Two years on since Chapter X of the OECD Transfer Pricing Guidelines (Chapter X) was published in February 2020, the practical transfer pricing aspects of financial transactions are due another look. While financial transactions were often ignored once put in place, administrative practice, case law, interaction with interest limitation rules and new guidance have elevated them to the same level as other intercompany transactions. Tax authorities are increasingly requesting taxpayers to provide financial information and transfer pricing documentation for financial transactions involving related parties.

This article discusses the key transfer pricing aspects that may become relevant during a related party financial instrument’s lifespan; before entering into the transaction (birth), after having entered into the transaction (life) and when terminating the transaction (demise).

Birth

Various elements must be considered before entering into a related party financial transaction. The planning phase is essential; thoroughly documenting the discussions and decisions taken upfront may help the taxpayer sustain the arm’s length nature of the transaction for tax authorities’ potential inquiries. The transaction’s purpose should be clear and objective, meaning that a neutral, well-informed person would recognize the need for funding. Chapter X emphasizes the importance that the lender’s and the borrower’s perspectives on the transaction are aligned[1]. In a third-party context, both the borrower and the lender should perform a careful evaluation of the options realistically available to borrow and lend money, respectively.[2]

From a borrower’s perspective, this means being clear about the amount needed, the flexibility required and the cost limits. Given the funding needs, a rational borrower would compare different offers and choose the most cost-efficient and flexible one. Regarding flexibility, different terms like convertibility or early-repayment may be beneficial.

The lender should also thoroughly evaluate the investment before providing funds to the borrower. As part of this process, the lender assesses the borrower’s creditworthiness, often expressed as a credit rating.

Since creditworthiness is one of the main factors to be considered when determining an appropriate interest rate,[3] Chapter X provides extensive guidance on the use of credit ratings.
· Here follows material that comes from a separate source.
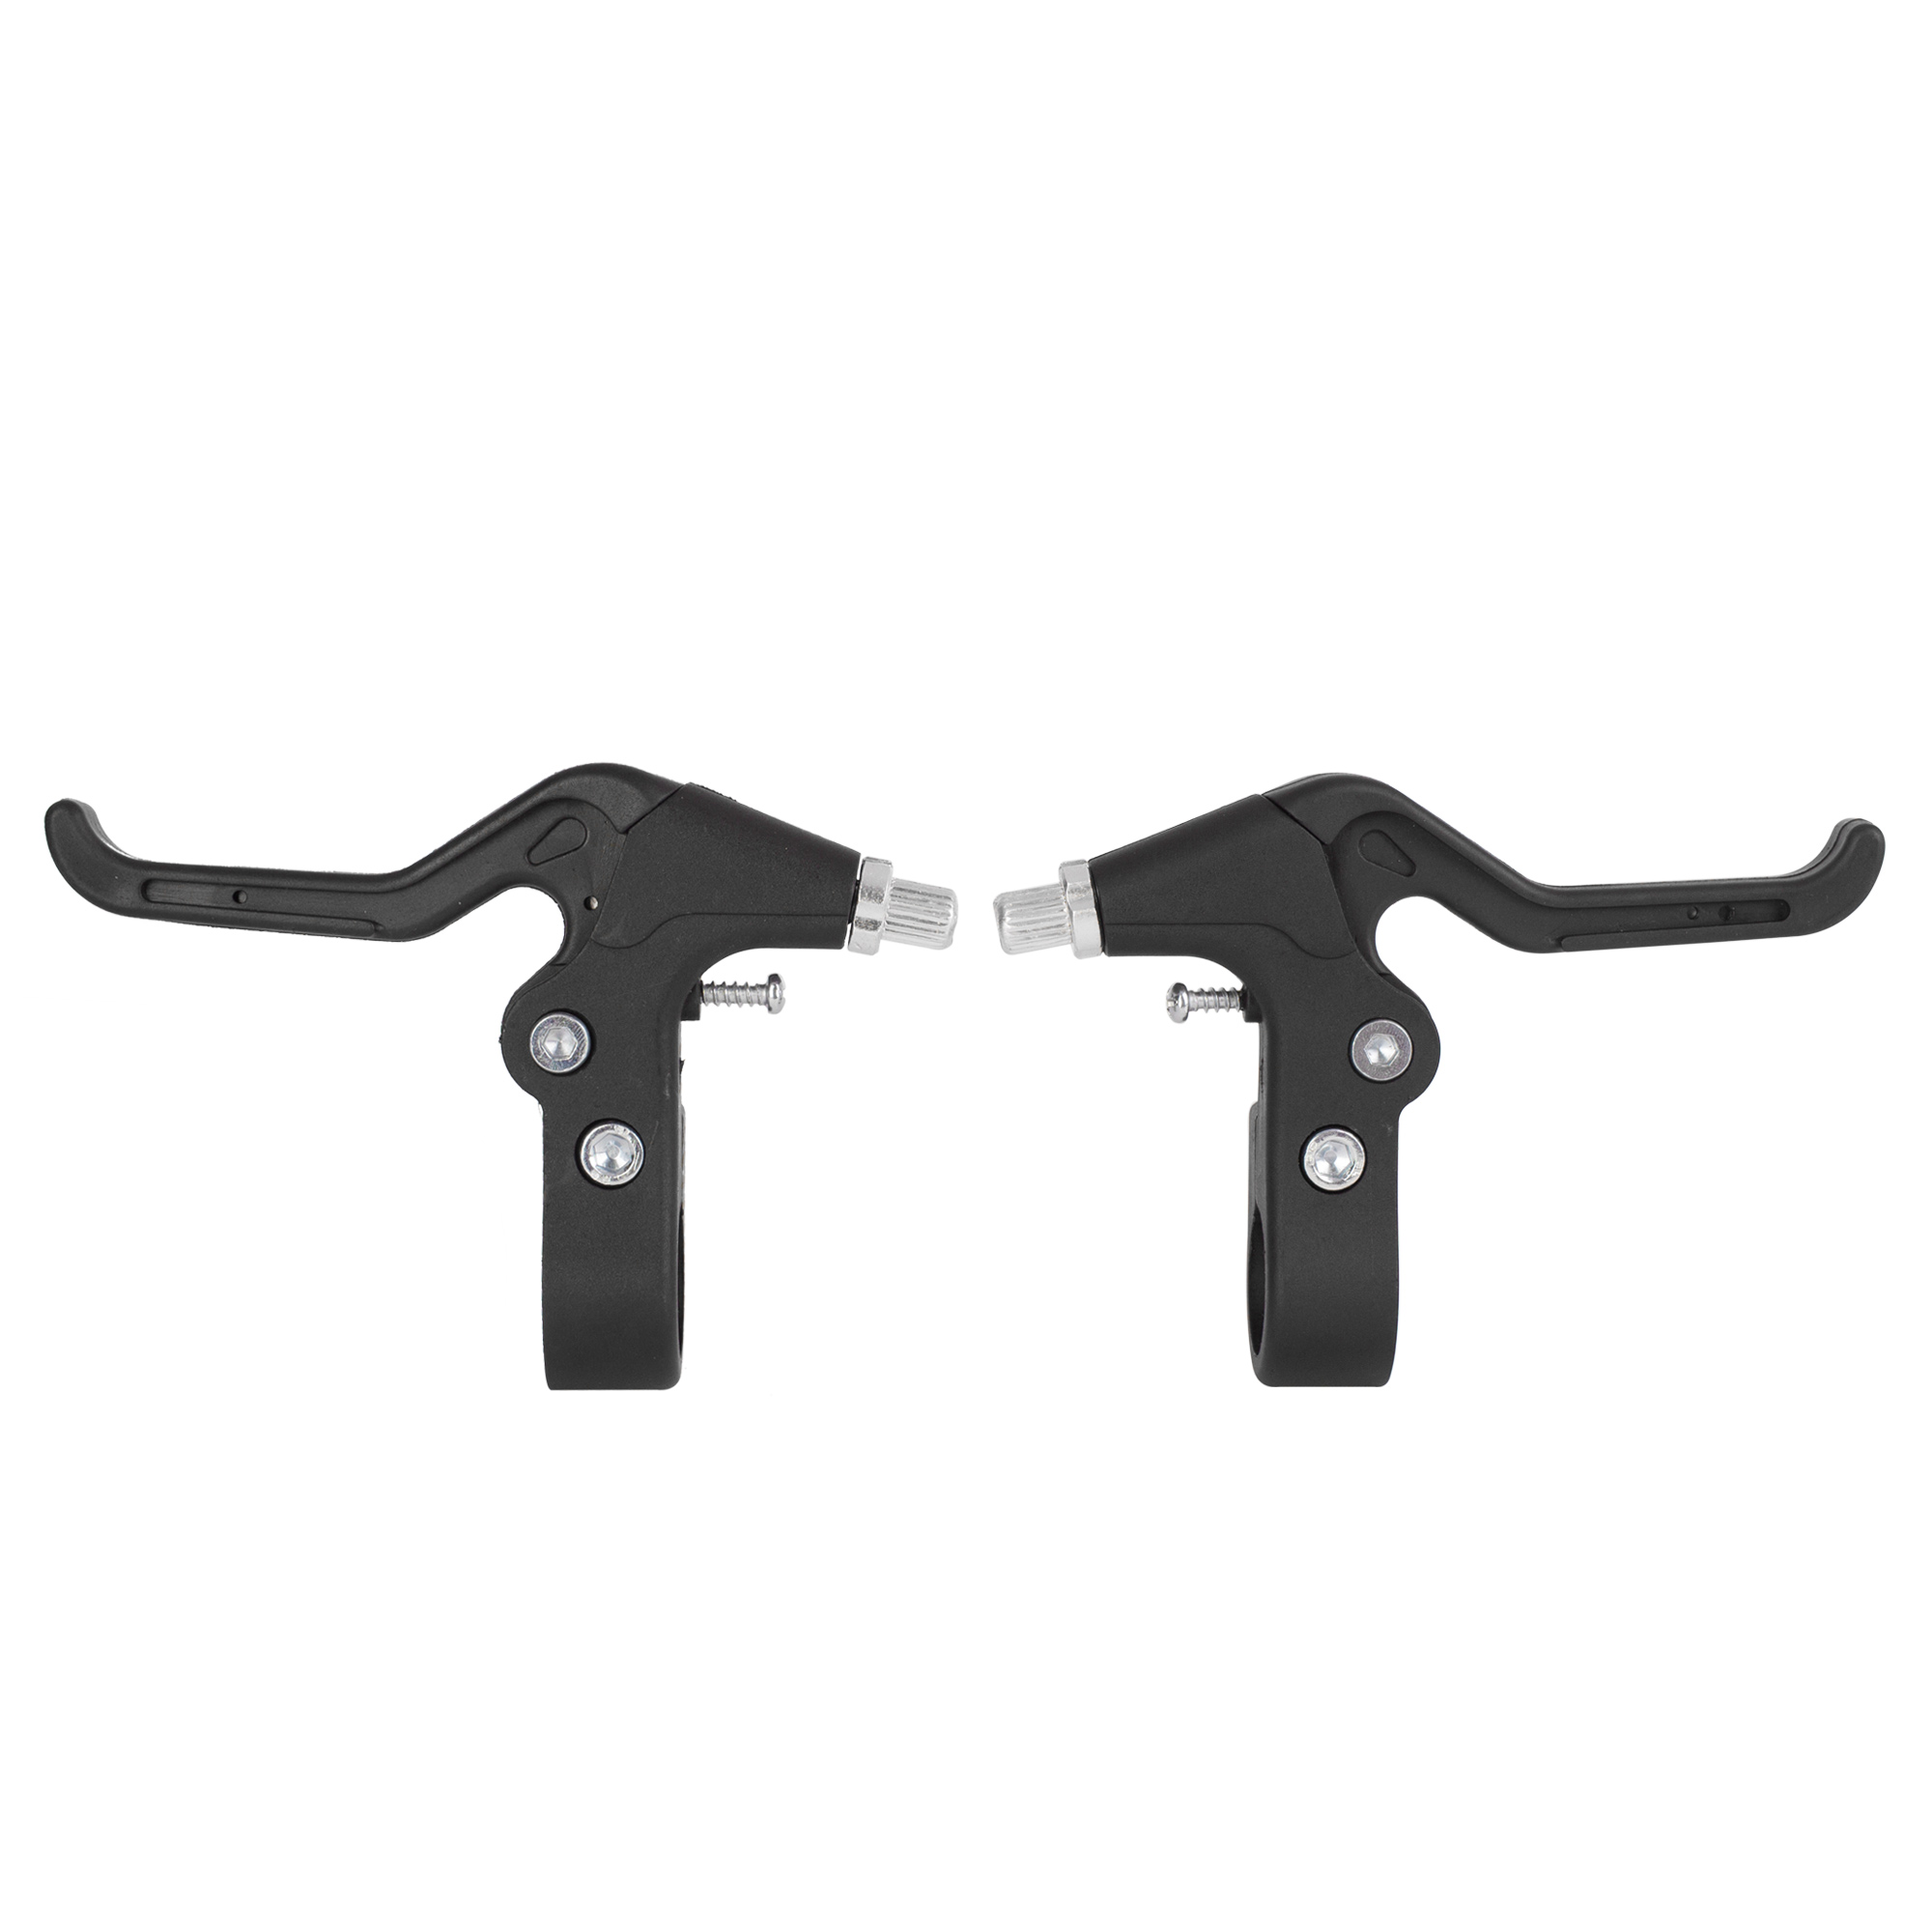 Ciclometa Detalles Frenos caliper para bicicleta 3.5mm negro de

Transfer pricing practitioners typically rely, if available, on credit ratings published by one of the three credit rating agencies: Moody’s, Standard & Poor’s, and Fitch. Rating agencies assign credit ratings to multinational enterprises as a whole (“corporate family rating”). However, in some cases, it is appropriate to deviate from the corporate family rating when assigning a credit rating to the borrowing entity. This is typically done based on the strategic importance of a single entity to the group.[4]

If neither of the three agencies has published a credit rating, transfer pricing practitioners typically try to assess a rating based on qualitative and quantitative figures, by either (i) using a designated tool provided by one of the rating agencies, or (ii) relying on rating methodologies published by rating agencies for numerous industries.

A unique feature of related party financial transactions is that the lender often has either control over the borrower, or both entities are controlled directly or indirectly by one entity. Therefore, for tax and transfer pricing purposes, it may be relevant to demonstrate that the (full amount of the) loan should be regarded as a loan and not as a form of contribution to equity.[5]

To demonstrate this, a debt capacity analysis is recommended, aiming to determine the maximum amount of debt that the borrower would obtain in a third-party context, given the financial instrument’s agreed terms and conditions.

It is also essential to determine the financial instrument’s terms and conditions before entering into the transaction. The involved parties are basically free to agree on any terms and conditions while respecting the arm’s length principle. The market features numerous types of financial instruments adapted to the borrowers’ needs and the lenders’ expectations.

Three examples of these instruments are:

  • Plain vanilla interest-bearing loans, for which the borrower pays a fixed interest rate over the principal at fixed dates;
  • Profit participating loans, which bear higher risks for the lender if the borrower makes poor investments, but also provide higher returns if the borrower makes very profitable investments; or
  • Convertible loans, which give either the lender, the borrower or both parties the right to convert the debt into equity of the borrower.

A vital element of the terms and conditions and essential to the debt capacity analysis is the financial instrument’s price (i.e., the interest rate). This rate is mainly affected by the borrower’s credit rating and industry and some of the loan’s key terms and conditions, such as the currency, maturity and repayment modalities. Typically, selecting the transfer pricing method is not an issue, as there is usually enough data available to use the comparable uncontrolled price (CUP) method, which is the OECD’s preferred method.[6] Some taxpayers perform a debt pricing analysis/interest rate benchmark on a case-by-case basis, whereas others implement a pricing policy that helps them comply with the arm’s length principle and documentation requirements while reducing costs and effort.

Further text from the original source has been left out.